While traditional data centers use between 10 and 25 MW of power, demand by hyperscale AI factories can exceed 100 MW. Data centers are growing rapidly in size, with next-generation facilities projected to require 1 GW or more of power.
The growth in AI workloads is changing the way chips and server racks are built within data centers. Over the next few years, we will see a shift from today’s already powerful kilowatt-scale racks to 1 MW racks in some AI factories. Each rack will consume about the same amount of electricity as 1,000 average households.
Traditional low-voltage power delivery is no longer sufficient for modern server rooms. Increasing power delivery efficiently and at scale requires major advancements in power distribution technologies and architecture.
Leading AI chip makers, tech giants, data center operators, and power system providers are collaborating on solutions. Nvidia recently put a stake in the ground on applying a higher voltage approach by proposing an 800 VDC architecture.
The idea of a higher-voltage DC data center is not new. We were discussing 300 VDC architectures over a decade ago. But today, the urgency is vastly greater. The transition from kilowatt-scale racks to gigawatt-scale data centers, fueled by massive GPU deployments, is forcing a more aggressive approach to power system upgrades.
To sustain this trajectory, the tech industry can no longer rely on incremental improvements to data center power systems. We must make bold changes, quickly, to deliver the power needed to fuel and sustain this growth.
The Problem: Too Many Conversions, Too Much Waste
The traditional data center power train is limited by traditional AC power delivery. Electricity flows from the utility as medium-voltage AC, but before it reaches the racks, it goes through a multi-stage process of conversion: from AC to DC for the uninterruptible power supply and battery backup, DC back to AC for facility distribution, and finally, AC back to low-voltage DC at the rack. A typical legacy rack power system involves five or more conversion steps, and, in each conversion, precious energy is lost.
For every lost watt of power, you need to expend even more energy to cool the heat it generates. As rack power density surpasses the current 100 kW threshold and approaches the projected one-megawatt mark, these losses become unsustainable.
Data center operators’ main interest is no longer saving space; it’s about energy efficiency. One of the most direct ways to save electricity is to eliminate the AC/DC transformations across the power chain. Eliminating three of these conversions, for example, can improve end-to-end energy efficiency by 3% to 5% at the gigawatt scale, resulting in a difference that can amount to tens of millions of dollars in electricity savings.
The Solution: Direct, Higher-Voltage DC
Many in the industry believe a prudent way to combat this loss of energy within the process is to directly distribute higher-voltage DC power within the data center and to the rack. Nvidia is focused on 800 VDC, but the tech industry is also considering 1000 VDC or 1500 VDC in the future.

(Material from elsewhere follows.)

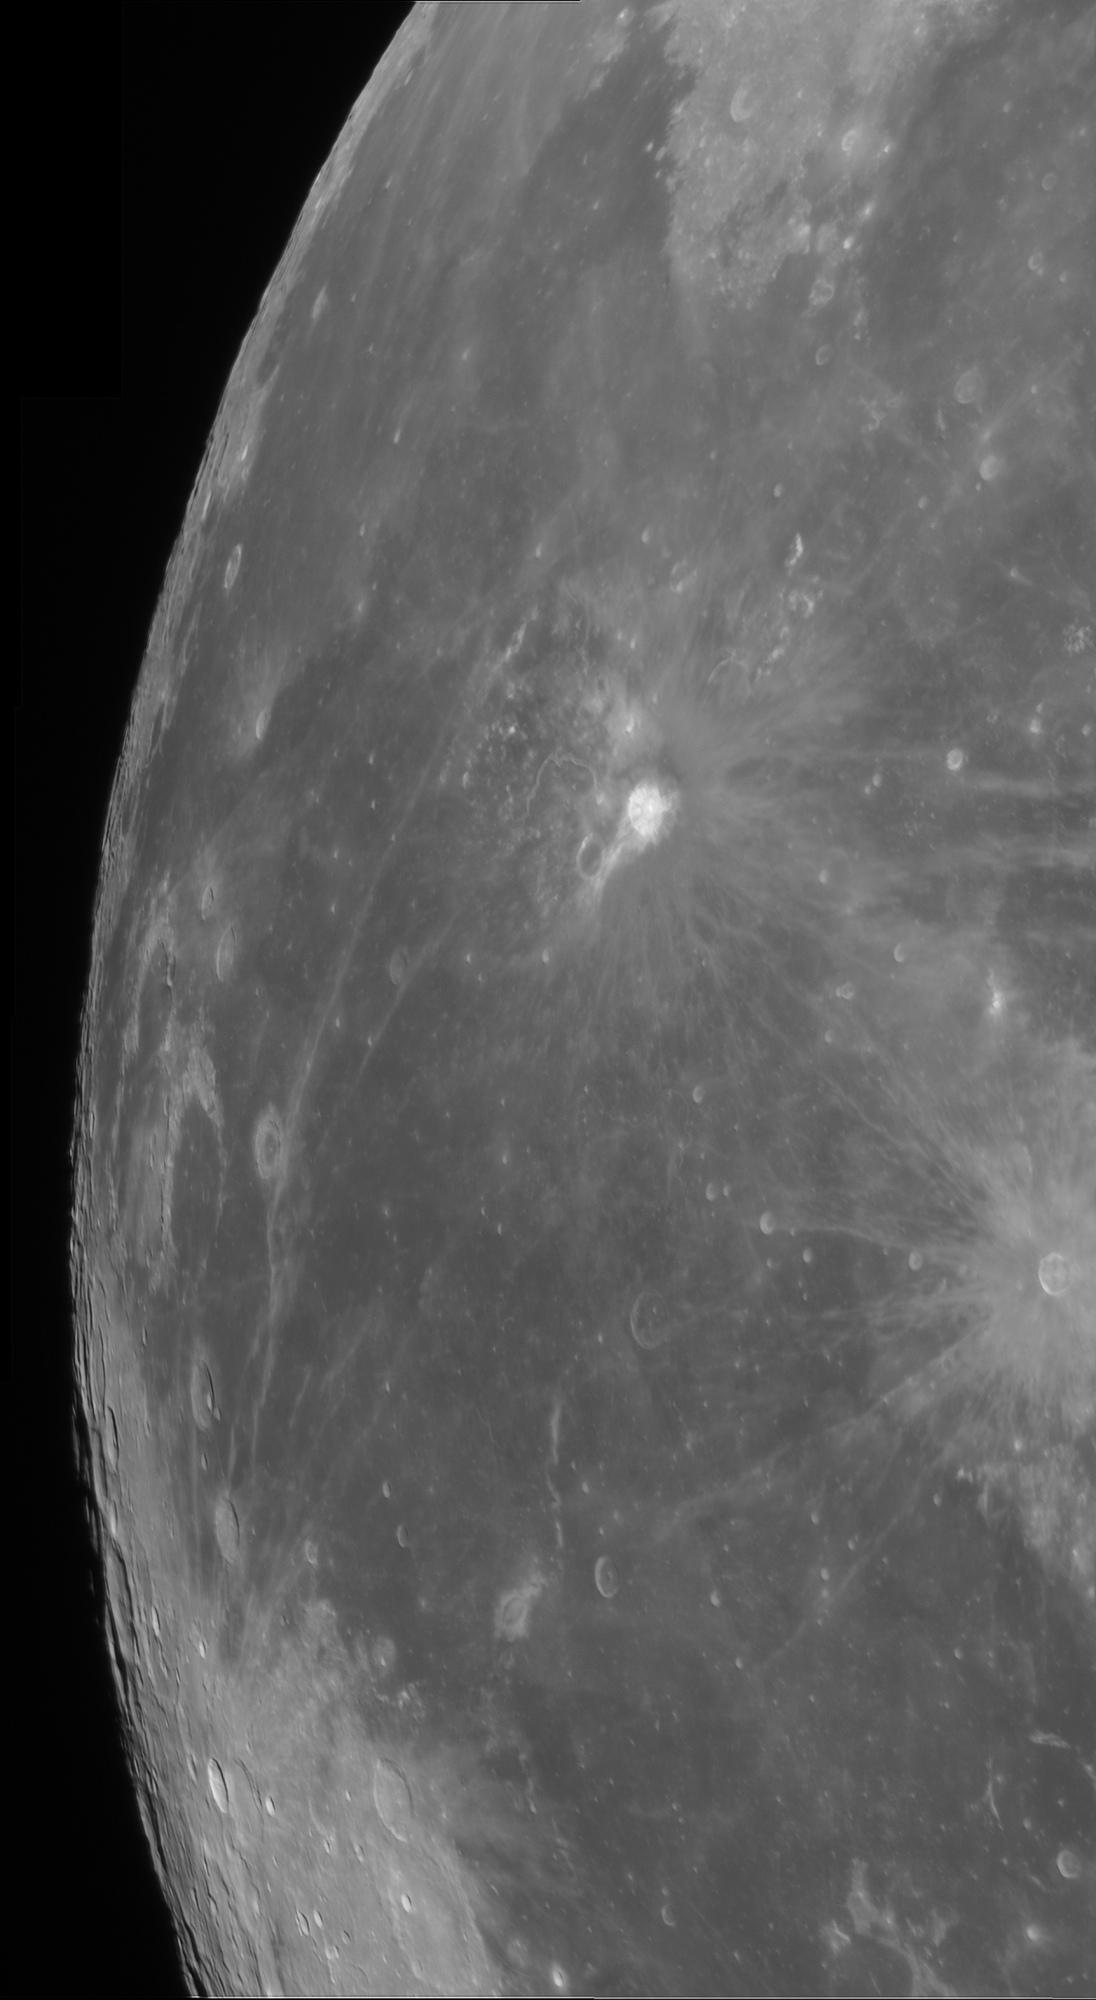 2021-02-26-2118_0-Moon_AS_P25_lapl6_ap2484_stitch.thumb.jpg.9375b0c3a2254a98d781feda4a856997.jpg

The transition is driven by the laws of physics. By raising the voltage of the primary power distribution bus, the current required to deliver the same amount of power is drastically reduced. Lower current allows for significantly thinner conductors and busways, resulting in less copper usage. This may not sound like much, but it could be about 200 kilograms less per 1 MW rack for the busbars alone. Scaling this to a 1 GW data center could save up to half a million tons of copper.
Transitioning to higher-voltage DC distribution is a transformative upgrade. It represents a paradigm shift demanding a torrent of exciting and disruptive innovation. Some fundamental building blocks don’t commercially exist today. The architecture presents technical hurdles, including safety concerns and challenging operating conditions. The industry must align on common voltage ranges, connector interfaces, and safety practices.
One of the most important technologies necessary to make the high-voltage DC infrastructure viable is to convert the 13.8 kV AC grid power to 800 VDC at the data center perimeter. This requires an advanced type of electrical transformer that uses power semiconductor devices and advanced control circuitry to manage and transform electric power. Twenty years ago, having a device that could run at such high voltages was feasible, but highly complex, bulky, and expensive. However, there is now considerable active research and development in this area, and companies have developed testing prototypes.
The second piece of the road map is distributing the DC power to the racks. Data centers can’t use AC circuit breakers to do this. DC protection is surprisingly more difficult than AC protection. A traditional AC breaker can interrupt current easily because the AC waveform crosses zero every few milliseconds. In a DC system, the current never crosses zero. To interrupt a fault in a high-voltage DC system, you need a device that can break that current instantly and without generating massive thermal losses during normal operation. The best way to protect against short circuits is to use advanced semiconductor technology to create a solid-state circuit breaker that is fit for purpose.
Meeting AI’s Energy Demands Starts Now
AI is one of the biggest stories in the energy world today because it is fundamentally an electrical challenge, not just a computing one. With the push for AI dominance at warp speed, it is up to electrification partners to develop these foundational components quickly, reliably, and with the deep technical expertise needed to ensure safety and performance.